230 points | by panic2 days ago

14 comments

tavianator2 days ago
One fun thing about this is that spilling+restoring the register will fix it, so if any kind of context switch happens (thread switch, page fault, interrupt, etc.), the register will get pushed to the stack and popped back from it, and the code suddenly gets 3x faster. Makes it a bit tricky to reproduce reliably, and led me down a few dead ends as I was writing this up.
- dataflow1 day ago
  Wow. Any chance you could share either an explanation or your benchmark code to show how you measured this reliably? I've never had to constrain benchmarks to within a time slice so I'm kind of fascinated how you got stable measurements out of that. Did you force a context switch prior to starting and then loop for a fixed number of times that wouldn't trigger another context switch? Or did you disable preemption on your thread, or something else?
  tavianator1 day ago
  Benchmark code is in the post! The trick is to limit the number of SHLX instructions before you re-initialize RCX. Doing it every 10,000 keeps it fresh enough. I didn't have to disable preemption or anything, perf shows 0 context switches and only ~50 page faults (probably all at startup).
  valleyer1 day ago
  Yeah, even an interrupt (that doesn't result in a thread switch) would cause a spill to the stack, right?
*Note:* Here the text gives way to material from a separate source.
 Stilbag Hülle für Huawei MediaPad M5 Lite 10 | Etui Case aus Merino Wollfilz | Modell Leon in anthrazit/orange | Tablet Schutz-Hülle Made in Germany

That seems hard to control.
  toast01 day ago
  You should be able to prevent or at least strictly limit interrupts if you run a modern kernel, have a single threaded test process and cpu pin your test process to core X, while you've pinned everything else to not core X (and not core X's cpu threads if enabled), and you have no hardware interrupts routed to that core, either.
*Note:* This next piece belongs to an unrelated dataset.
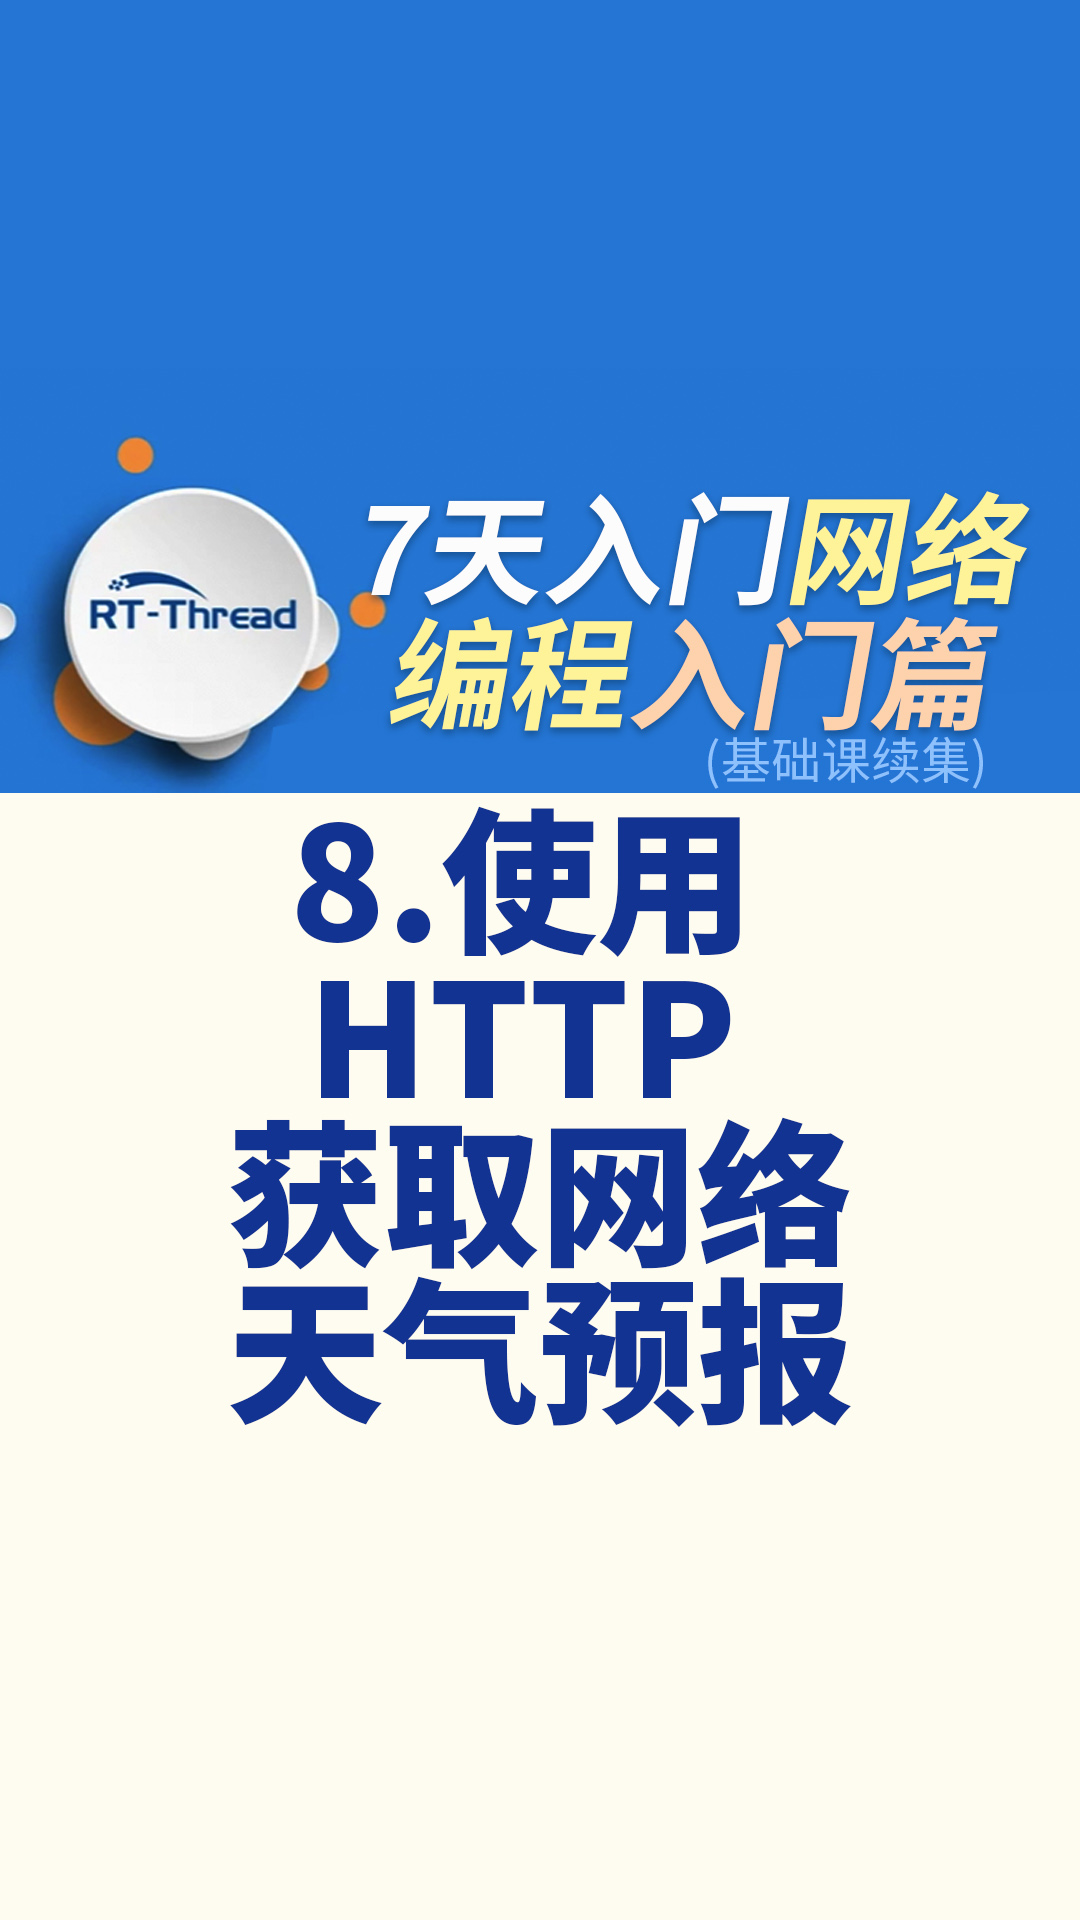 7天入门网络编程 - 8.使用 HTTP 获取网络天气预报   #网络编程

  You might have to look into tickless kernels too, but I think that's pretty mainstream now. Tldr, if there's no contention for the core and there's no hardware interrupts, there's no need for a timer/scheduler tick on that core.
  dataflow1 day ago
  Yeah. I don't know how often interrupts happen to know how easy this would be to control for, but it certainly sounds like it could be tough. I suppose one way to mitigate these though is e.g. taking a min() of the execution times rather than the average?
  Bulat_Ziganshin1 day ago
  except that we need max() here :)
  dataflow1 day ago
  Huh, why max()? Generally microbenchmarks want min() (or close to it).
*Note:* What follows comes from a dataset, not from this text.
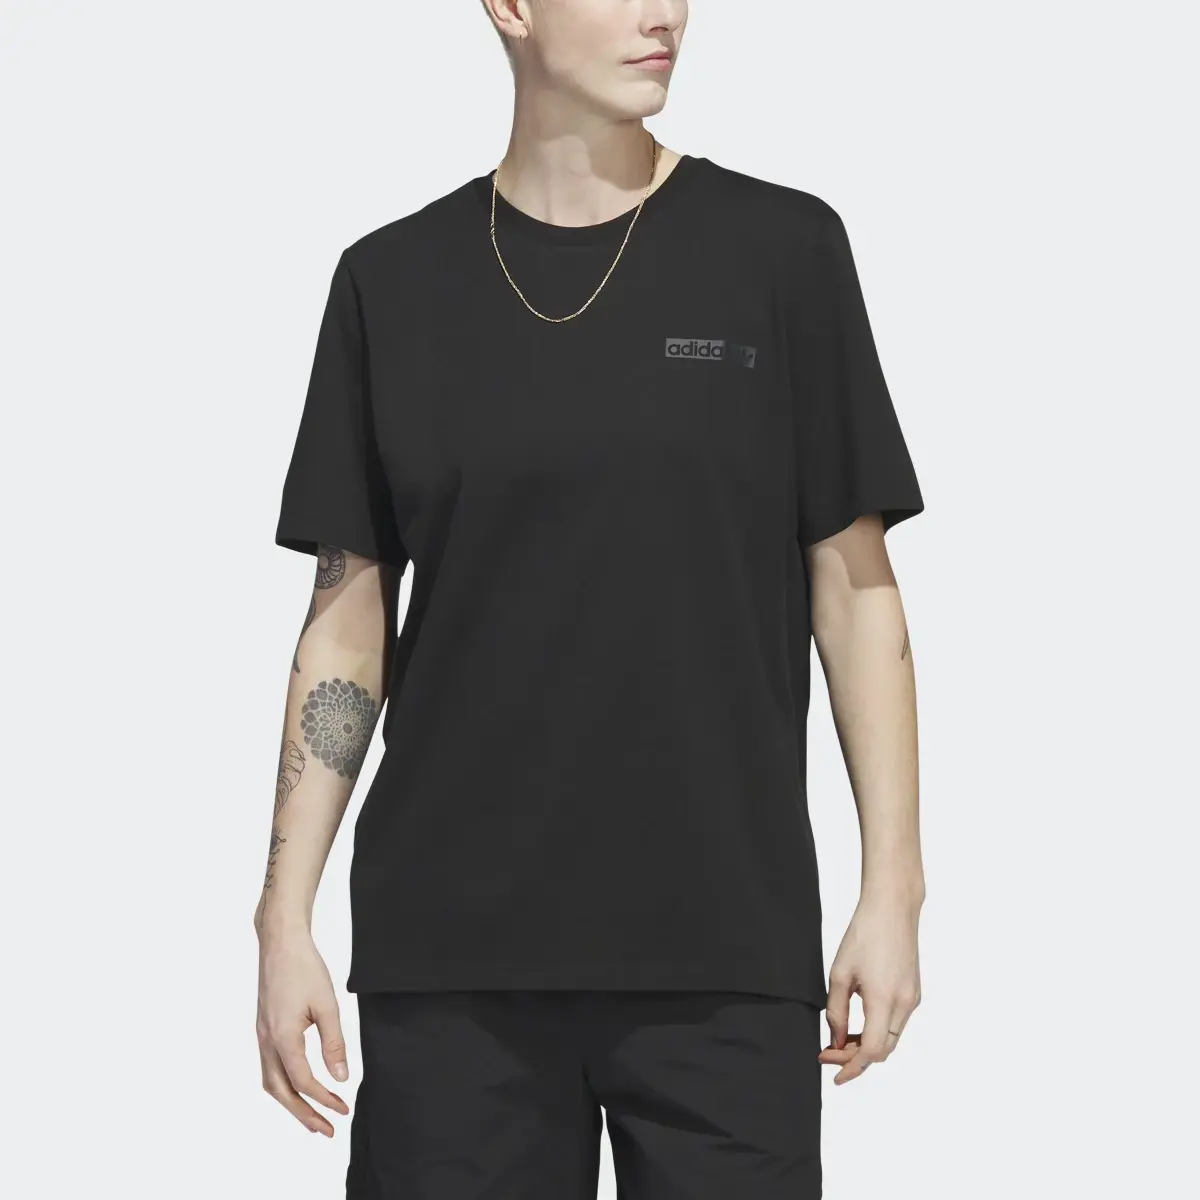 Adidas T-shirt 4.0 Circle. 1

  Bulat_Ziganshin1 day ago
  because THIS code becomes faster once RCX is saved and restored during the interrupt call
  dataflow1 day ago
  Oh right, my bad, thanks. Totally escaped me when I wrote that :-)
- amluto1 day ago
  Wait a sec, isn’t this backwards? The OS will restore thread state by loading all of RCX, which sounds like it should trigger the slow path.
  I wonder whether IRET fixes it. Can you try MOV RCX, 1; push an IRET frame; IRET; SHLX to see if IRET fixes it?
  tavianator1 day ago
  > Wait a sec, isn’t this backwards?
  No, if you push and pop RCX it's fast again. I mentioned this in the blog post, `mov rcx, 1` is slow but `mov rcx, 1; push rcx; pop rcx` is fast.
  amluto1 day ago
  I think I missed that one in the pile of options. That’s bizarre. I wonder if MOV from memory is like POP.
  1 day ago
  undefined
  BeeOnRope1 day ago
  The slow state is when rcx has a special "hidden immediate" attached it, from the `mov rcx, 1` or `add rcx, 1`. If the last option on the register doesn't fit that narrow template, it is fast, so loading from memory in any way, like pop, xrestor, plan load, etc, will be in fast mode.
- eigenform2 days ago
  I wonder if this is a thing where the machine is trying to predict the actual value of the 'count' operand ...
  tavianator2 days ago
  If it were a prediction/speculation thing, I would expect it to settle down long before 10,000 `SHLX`s are retired.
  2 days ago
  undefined
userbinator2 days ago
How about trying "xor ecx, ecx; inc ecx"? Or the even shorter "mov cl, 1"?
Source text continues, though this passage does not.